Benford’s law, also known as the Newcomb–Benford law, the law of anomalous numbers, or the first-digit law, is an observation that in many real-life sets of numerical data, the leading digit is likely to be small. In sets that obey the law, the number 1 appears as the leading significant digit about 30% of the time, while 9 appears as the leading significant digit less than 5% of the time. If the digits were distributed uniformly, they would each occur about 11.1% of the time.
The occurrence frequency of the leading digit is somehow logarithmic.
Not every data set satisfies Benford’s law.

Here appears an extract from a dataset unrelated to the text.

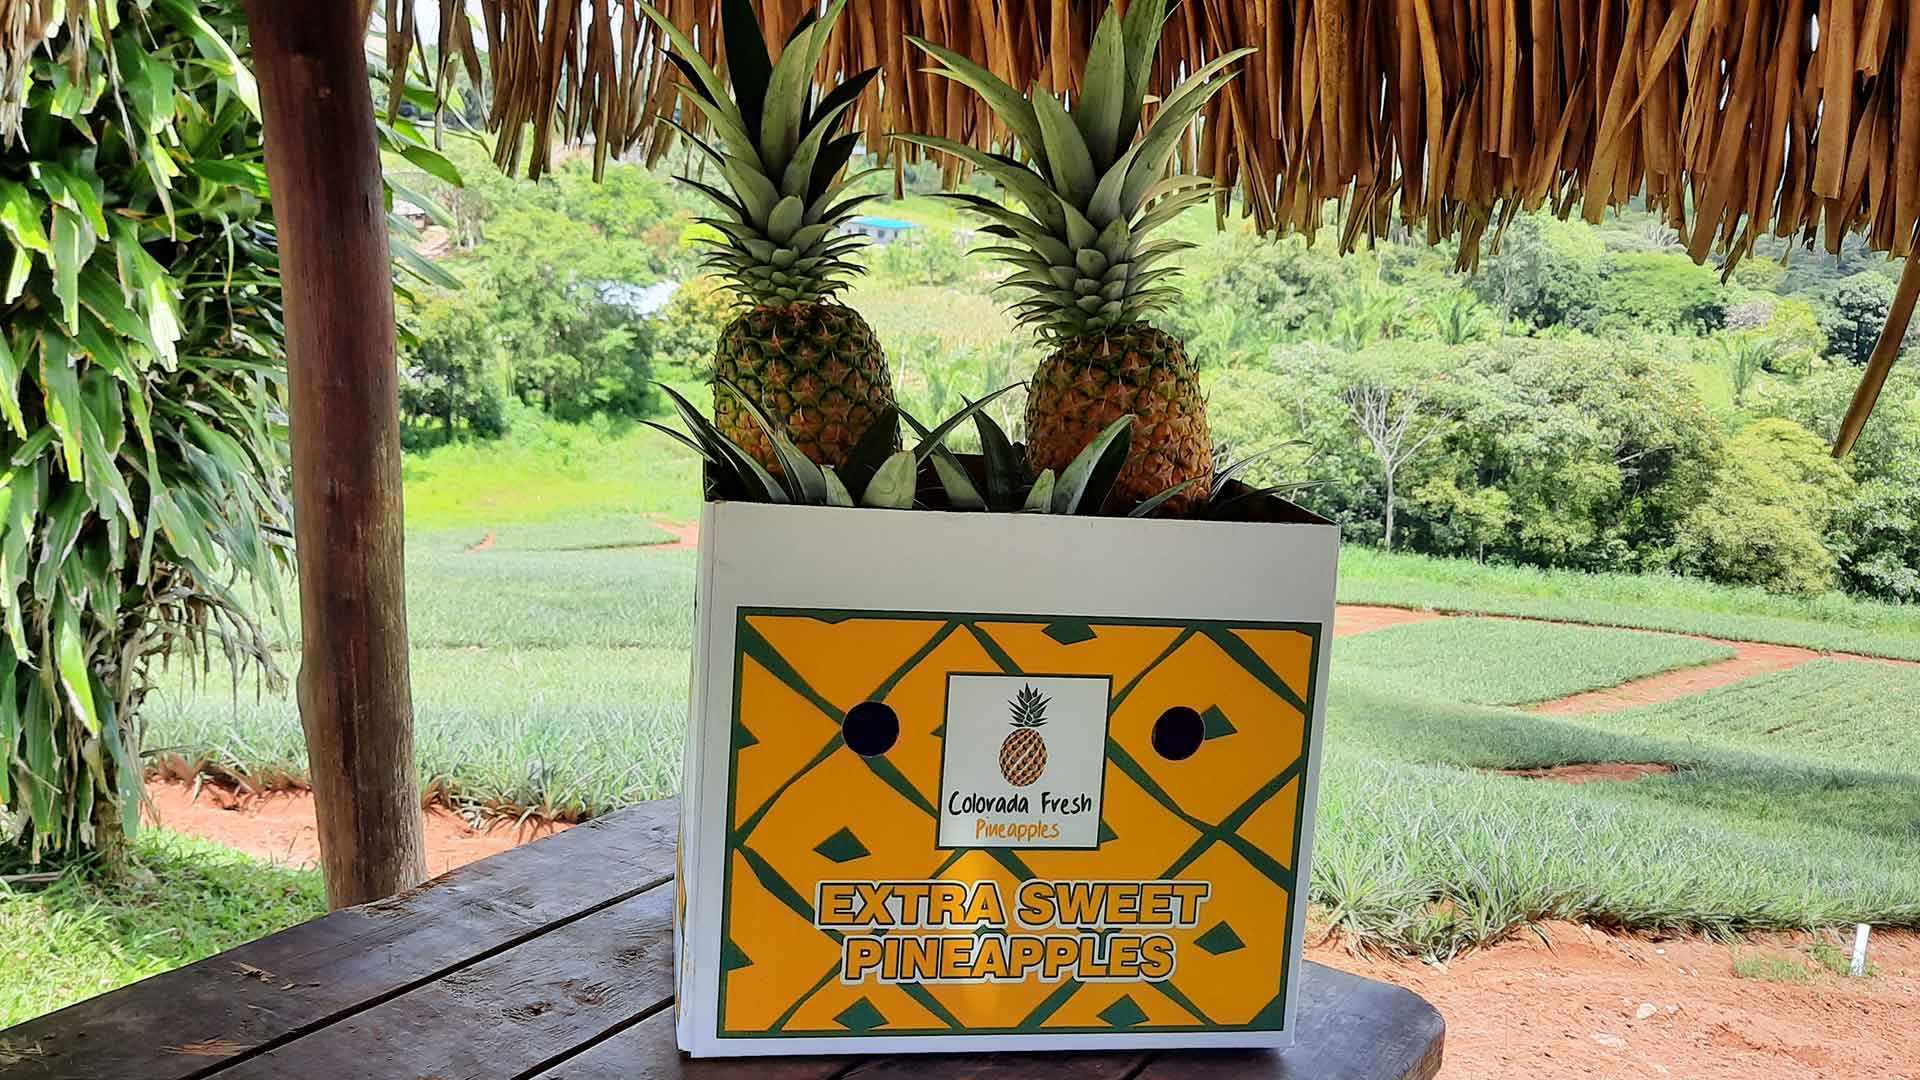 Colorada Fresh Pineapples

Benford’s law tends to be best suited to:
- Quantitative, random data
- Data that are measured rather than assigned
- Ranges over orders of magnitudes
- Not artificially restricted by minimums or maximums
- Mixed populations
- Larger datasets are better
As an experiment, I generated two million points in Matlab to simulate a stationary signal with randomly-varying amplitude and with normal distribution. The mean value was zero. The standard deviation was one million. I then made a histogram of the first digit of each absolute instantaneous amplitude point. The objective was to determine whether the first digit histogram would match the Benford pattern. The results of the normal random signal was similar to Benford but with some variation as shown in the table below.
I also took some nonstationary flight accelerometer data from an unmanned, suborbital launch vehicle, as shown in the figure above. The data had 453,250 points. I multiplied the amplitude by one million to achieved the desired multiple orders of magnitude effect. The nonstationary results had good agreement with Benford.

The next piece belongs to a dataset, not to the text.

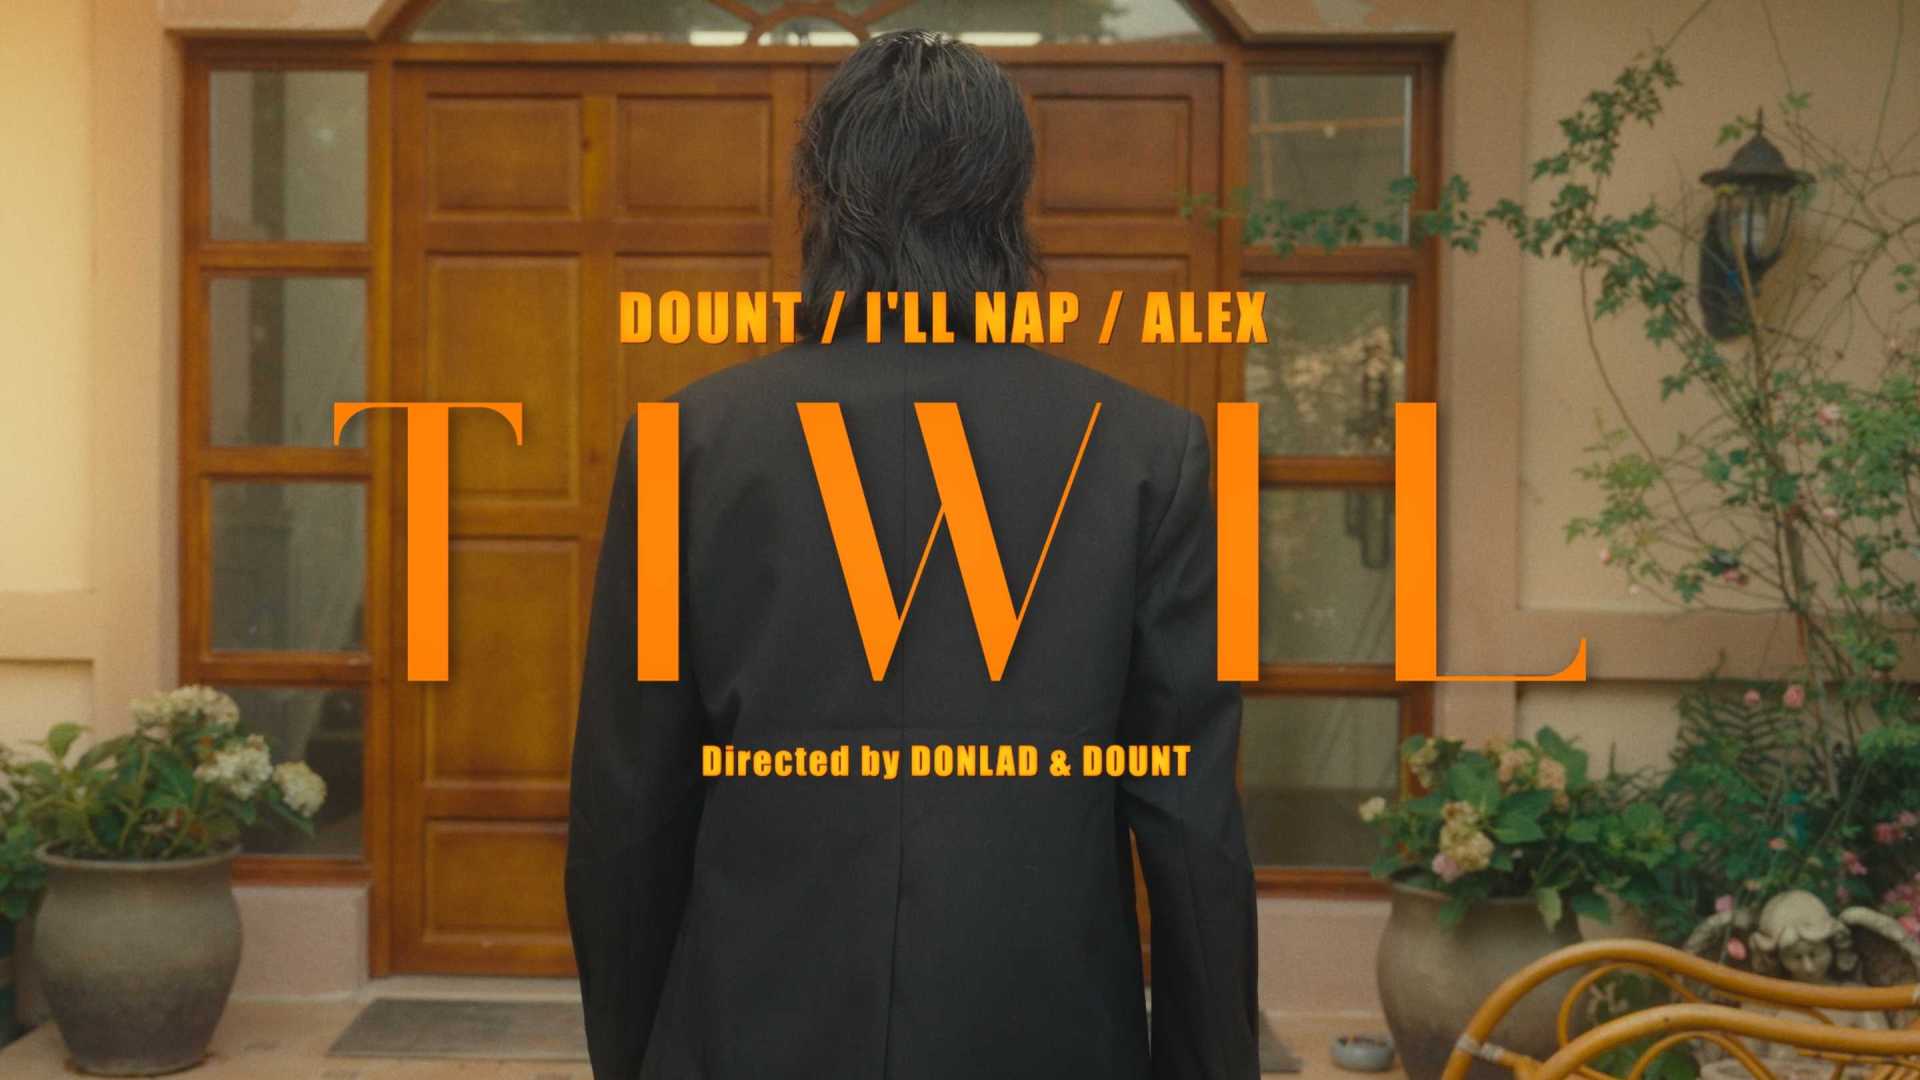 《TIWIL》（自以为是）-Dount赵乐东/I'LL NAP/阿文 完整版MV

| First Digit | Benford Histogram | Normal Random Signal Histogram | Nonstationary Flight Data Histogram |
| 1 | 30.1% | 36.0% | 33.7% |
| 2 | 17.6% | 12.9% | 19.2% |
| 3 | 12.5% | 8.7% | 12.1% |
| 4 | 9.7% | 8.1% | 8.4% |
| 5 | 7.9% | 7.8% | 6.6% |
| 6 | 6.7% | 7.3% | 5.7% |
| 7 | 5.8% | 6.9% | 5.1% |
| 8 | 5.1% | 6.5% | 4.7% |
| 9 | 4.6% | 6.0% | 4.5% |
Further research is needed to determine whether this Benford comparison is useful for vibration analysis.
– Tom Irvine
Hi Tom,
Interesting! I tried on the vertical railway track irregularity data generated from German code, it basically fulfills Benford’s law.